Ya se ha hecho costumbre en esta pequeña geografía nacional conocer de procesos judiciales relacionados, sobre todo, con sonados casos de corrupción y crímenes que generan serias dudas y cuestionamientos por decisiones de jueces y autoridades que no se sujetan al derecho aplicable, menos aún a valores y principios para garantizar el interés general, sino que obran en función de intereses políticos, económicos o de grupos, ejerciendo así un activismo judicial por demás cuestionable. Lo cierto es que hay autoridades, jueces y funcionarios que aprovechan los resquicios de la ley, se saltan la norma o la interpretan antojadizamente, todo para favorecer a los corruptos antes que, para honrar el significado de ser funcionario público entregado a la causa de la justicia. Preocupa que cada vez más sepamos de casos de prevaricato, hábeas corpus amañados, desacatos de autoridades a sentencias judiciales, impunidad, politización de la justicia.

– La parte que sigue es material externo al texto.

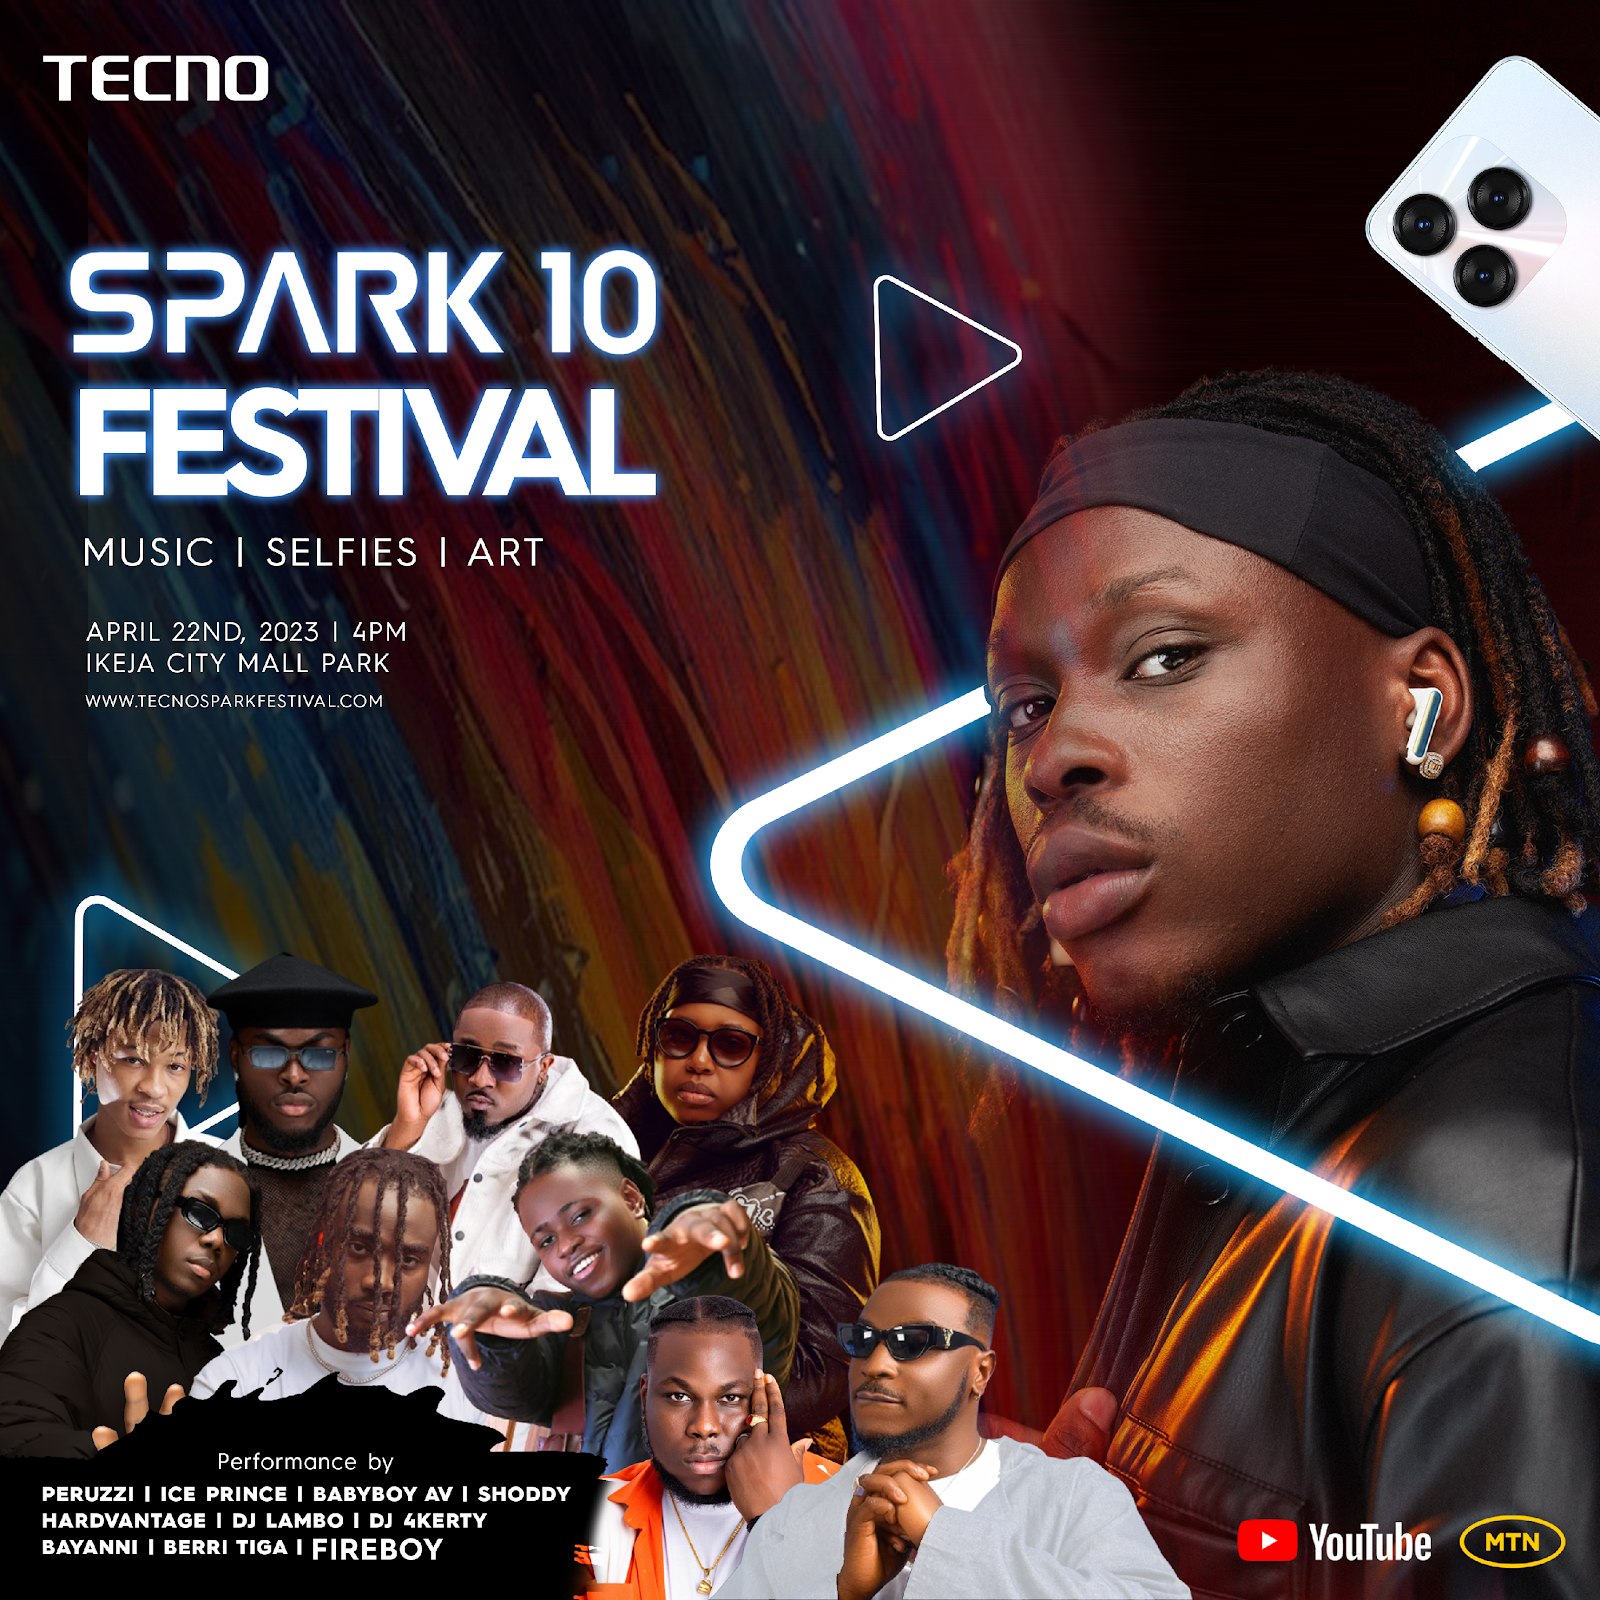 Tecno Spark 10 Festival happening today at Ikeja City Mall!

Al tratar de la Función Judicial y Justicia Indígena, la Constitución pomposamente determina, entre otras cosas: “La potestad de administrar justicia emana del pueblo y se ejerce por los órganos de la Función Judicial y por los demás órganos y funciones establecidos en la Constitución” (art. 167); sobre las garantías básicas del derecho al debido proceso consta: “Ser juzgado por una jueza o juez independiente, imparcial y competente” (art. 76.7). La Constitución además contiene medio centenar de disposiciones directamente relacionadas con la justicia, establece, así mismo, múltiples principios orientadores de la tarea juzgadora y de administración de justicia, ejemplo: “Los órganos de la Función Judicial gozarán de independencia interna y externa. Toda violación a este principio conllevará responsabilidad administrativa, civil y penal de acuerdo con la ley” (art. 168.1). A todo esto, se agrega la Ley Orgánica de la Función Judicial, reglamentos específicos e innumerables resoluciones de órganos de la misma Función. El reto es pasar de lo que está escrito en el papel a la práctica, para que no nos gane la anarquía.
Los problemas de la administración de justicia pueden deberse a falta de normas adecuadas, a diseño errado y mal funcionamiento de las instituciones o, a los funcionarios que allí se desempeñan, pero, sobre todo, debido a esta última razón, ya que son personas las que diseñan políticas, normas e instituciones, y son quienes las hacen funcionar. Cabe reconocer que hay excelentes funcionarios con una carrera judicial y desempeño intachables, pero como no todo es color de rosa, la triste realidad muestra que también existen funcionarios judiciales con fuertes vinculaciones políticas, carentes de preparación adecuada, producto de concursos dudosos, con rendimiento deficiente en calidad y cantidad. Los malos funcionarios no deben seguir allí, pues son los más peligrosos porque perjudican la imagen institucional y enlodan el quehacer de una de las funciones públicas que por su naturaleza y trascendencia en una democracia debe ser transparente para generar confianza en un clima de seguridad permanente.
La factura de una justicia frágil es impagable. ¿Qué hacer ante esta grave realidad? Urge remozar las políticas del sector para propiciar la independencia judicial y la ética en todos los espacios, la optimización de recursos y la eficiencia. A la par se debe mejorar radicalmente los procesos de selección y promoción, fortalecer la capacitación y actualización de conocimientos -en esta tarea las universidades deben jugar un rol preponderante-, optimizar los procesos de evaluación de desempeño, lo disciplinario; además, hay que fortalecer los sistemas informáticos, la conectividad, y concretar el expediente electrónico. Las soluciones y medidas pueden ser diversas, ya que la justicia tiene que ver con muchos frentes como la democracia, recuperación económica, desarrollo social y confianza en el país. Con decisión política y compromiso es posible lograr cambios importantes en este frente tan sensible y vulnerable.